Dataset and Preprocessing

The study uses the Physionet EEG Motor Movement/Imagery dataset, which includes data from 109 subjects with over 1,500 trials. Data were recorded using 64 electrodes at a sampling rate of 160 times per second. The study focuses on motor imagery classification, selecting motor imagery data for left fist, right fist, both fists, and both feet. Preprocessing steps include z-score normalization and the addition of random noise to prevent overfitting.

Model Architecture

The study designed five Transformer-based models, including Spatial Transformer (S-Trans), Temporal Transformer (T-Trans), CNN combined with Spatial Transformer (S-CTrans) and Temporal Transformer (T-CTrans), and a fusion model (F-CTrans).

Transformer Module

The Transformer module adopts an encoder-decoder structure, extracting information by stacking self-attention mechanisms with point-wise fully connected layers. The study used eight parallel attention layers, transforming the input EEG data into query, key, and value vectors to compute weighted values.

Position Embedding Module

It includes three types: relative position encoding, channel-related position encoding, and learnable position encoding. Relative position encoding is computed using trigonometric functions, channel-related position encoding is computed based on cosine distance with respect to the central electrode, and learnable position encoding embeds a trainable matrix.

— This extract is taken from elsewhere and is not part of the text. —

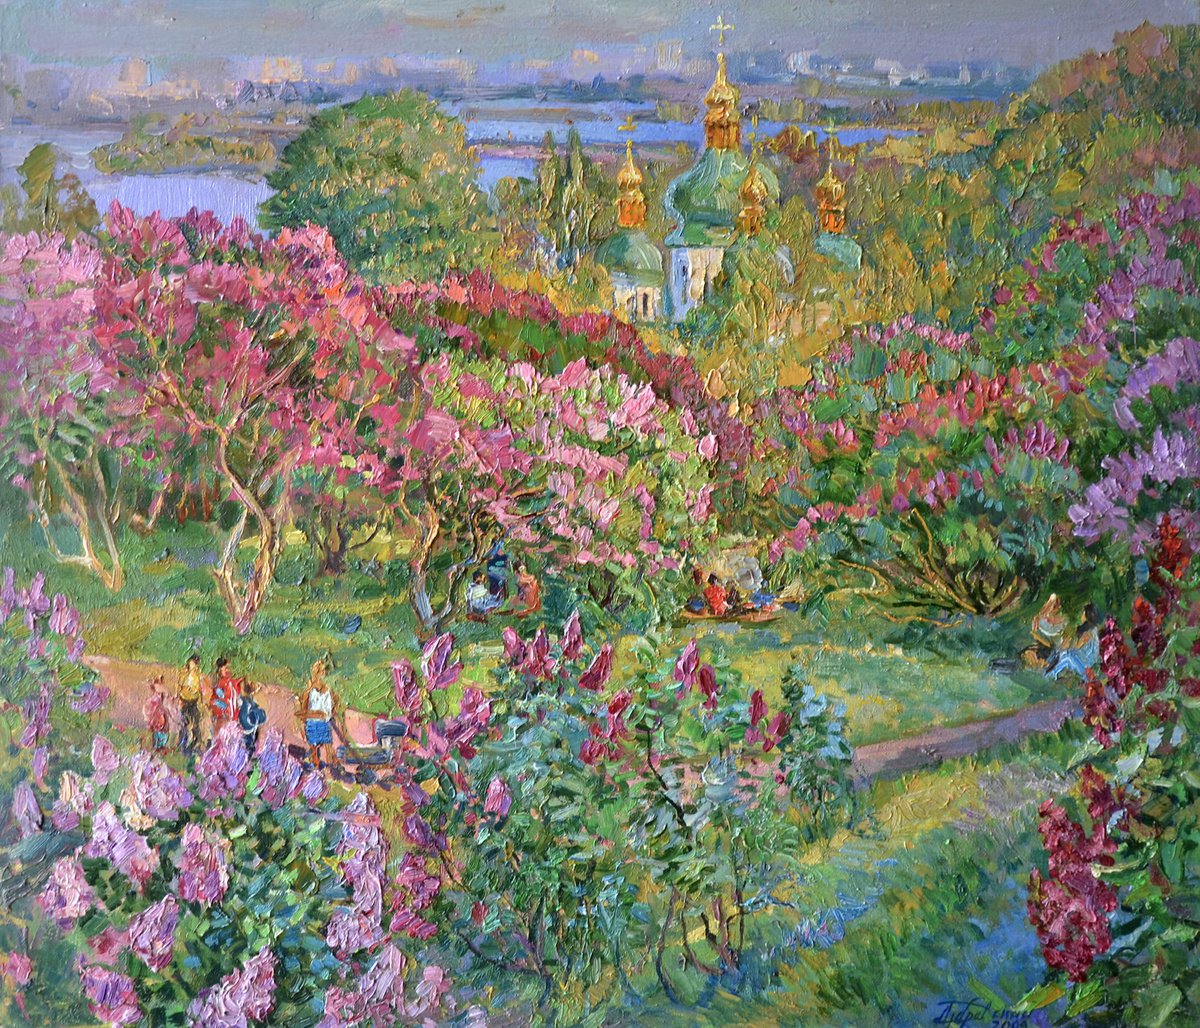 Spring Blossom of Lilac Trees by Aleksandr Dubrovskyy
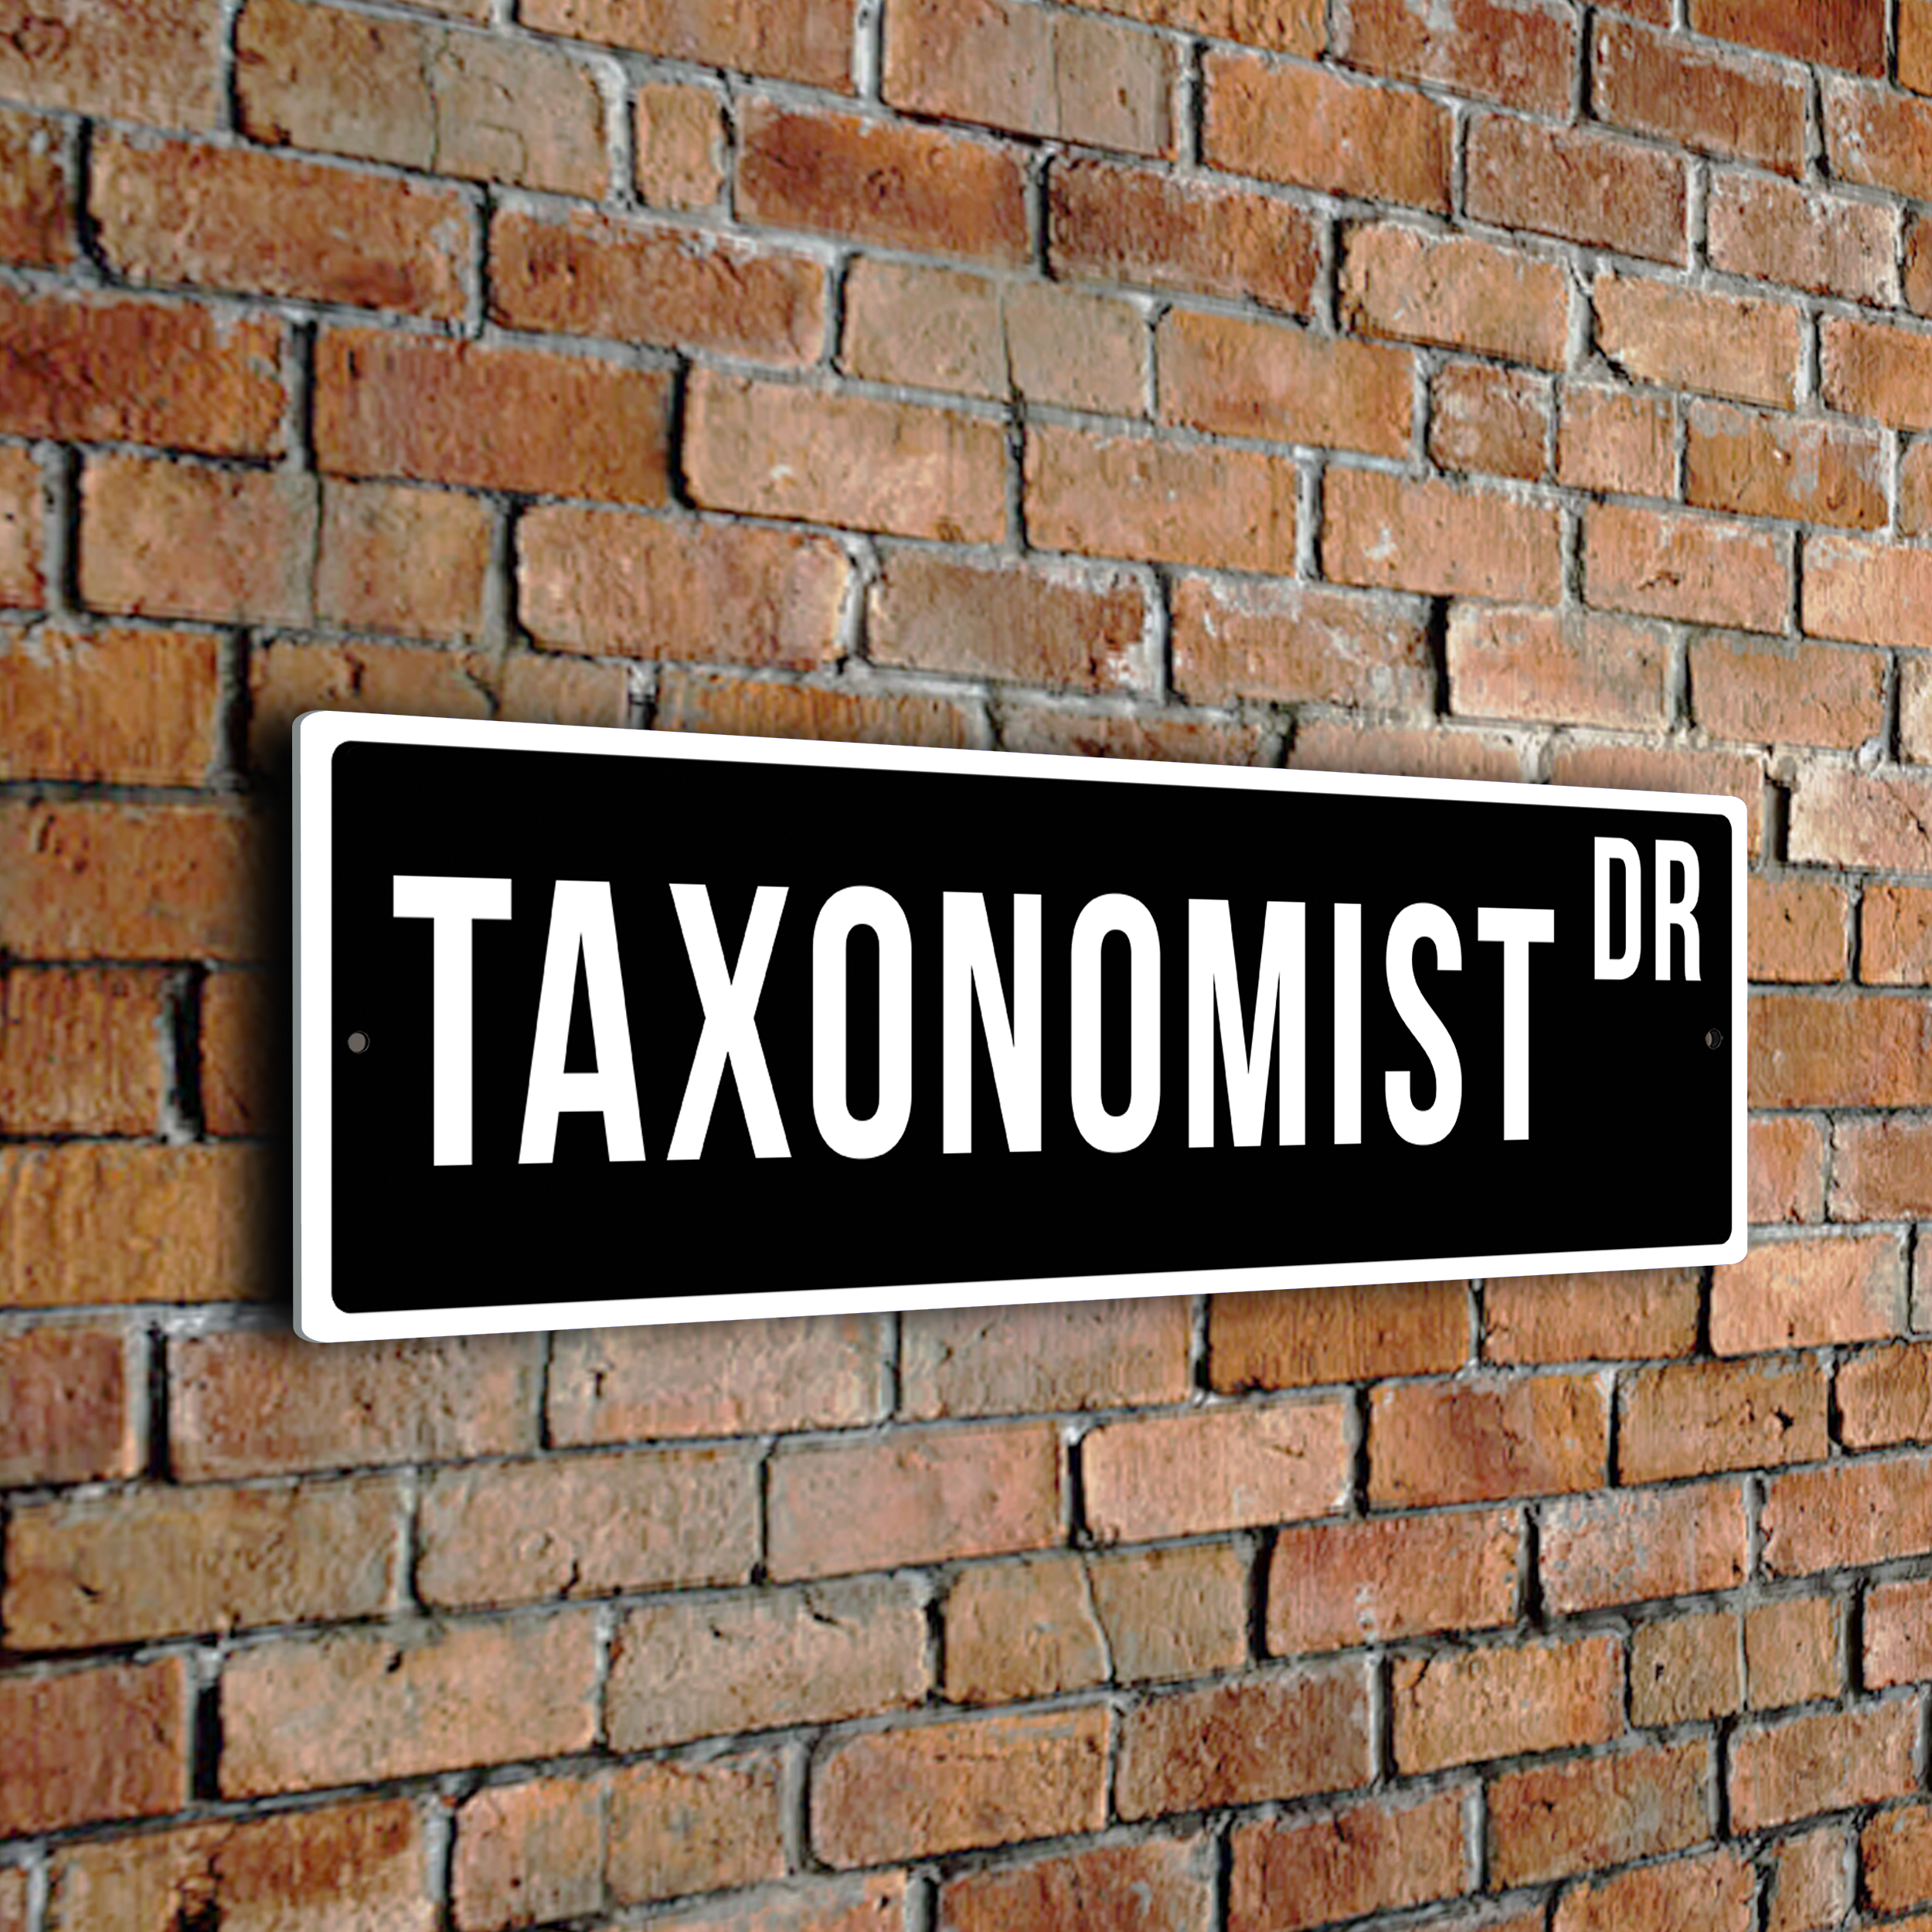 Taxonomist street sign

CNN and Transformer Combined Model

The combined models handle spatial and temporal information separately. The CNN module is used for feature extraction, while the Transformer further processes these features for EEG classification. In the fusion model, spatial and temporal information is processed in parallel through CNN and Transformer submodules, after which features are combined for classification.

Training Settings

The study used the Adam optimizer, with the training epoch set to 50, employing a 5-fold cross-validation method to test model performance. For cross-subject training, individuals were divided into training and testing sets to achieve better adaptability and robustness.

Research Results

Classification Accuracy

The research results show that Transformer-based models perform excellently in two-class, three-class, and four-class classification tasks, achieving best accuracies of 83.31%, 74.44%, and 64.22%, respectively, outperforming other representative models. Additionally, classification accuracy improved further with the addition of the position embedding module.

Visualization Results

Through the visualization of multi-head attention layers, the study found that their attention weights displayed patterns consistent with Event-Related Desynchronization (ERD) in motor sensor regions. Especially in left and right fist motor imagery tasks, attention weights significantly enhanced in the corresponding contralateral hemisphere, aligning with previous ERD findings based on spectral analysis, indicating that the Transformer model can reveal neural mechanisms in motor imagery tasks.

Research Conclusions and Significance

This paper proposes a Transformer-based EEG classification method combining spatiotemporal information and deep learning networks, specifically designing five different models for motor imagery tasks. The research results indicate that the Transformer model performs excellently in EEG classification tasks, and the visualization results demonstrate its potential in revealing neural mechanisms within EEG data. This method not only has broad application prospects in BCI systems but also can be applied to disease diagnosis and other EEG data-based classification tasks.